#### [Dataset content]
------------------------------------
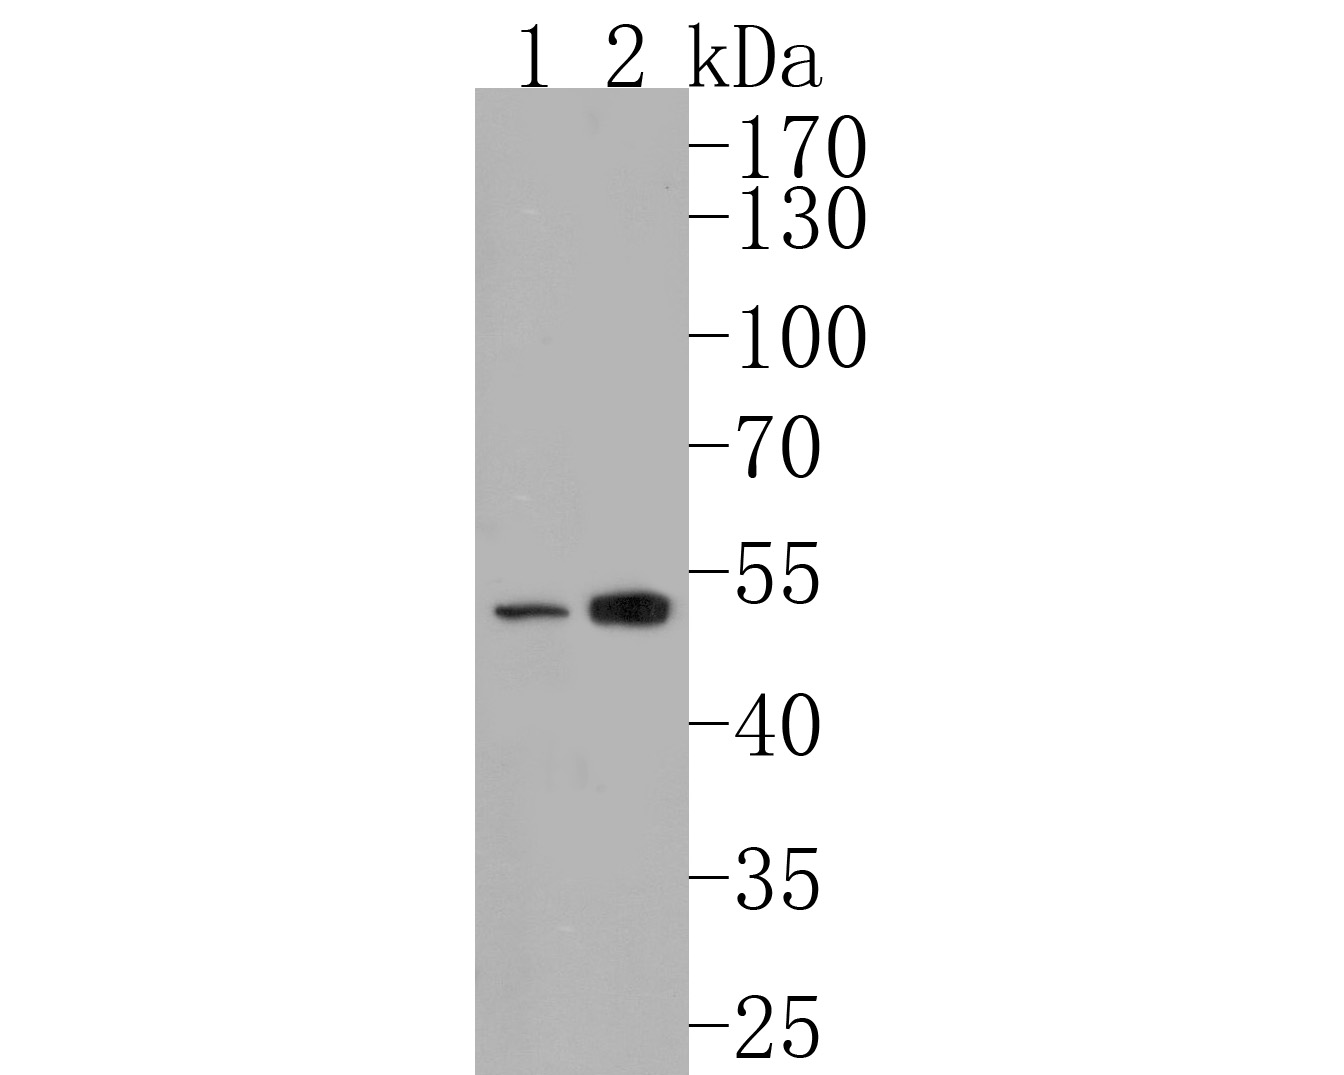 Western blot analysis of ZPR1 on different lysates. Proteins were transferred to a PVDF membrane and blocked with 5% BSA in PBS for 1 hour at room temperature. The primary antibody (HA720026, 1/500) was used in 5% BSA at room temperature for 2 hours. Goat Anti-Rabbit IgG - HRP Secondary Antibody (HA1001) at 1:200,000 dilution was used for 1 hour at room temperature.<br />
Positive control: <br />
Lane 1: HepG2 cell lysate<br />
Lane 2: Jurkat cell lysate
------------------------------------
#### [What you have to do]
Skip every picture, and give the rest of the material above again exactly.

#### [Response to this task]
 Western blot analysis of ZPR1 on different lysates. Proteins were transferred to a PVDF membrane and blocked with 5% BSA in PBS for 1 hour at room temperature. The primary antibody (HA720026, 1/500) was used in 5% BSA at room temperature for 2 hours. Goat Anti-Rabbit IgG - HRP Secondary Antibody (HA1001) at 1:200,000 dilution was used for 1 hour at room temperature.<br />
Positive control: <br />
Lane 1: HepG2 cell lysate<br />
Lane 2: Jurkat cell lysate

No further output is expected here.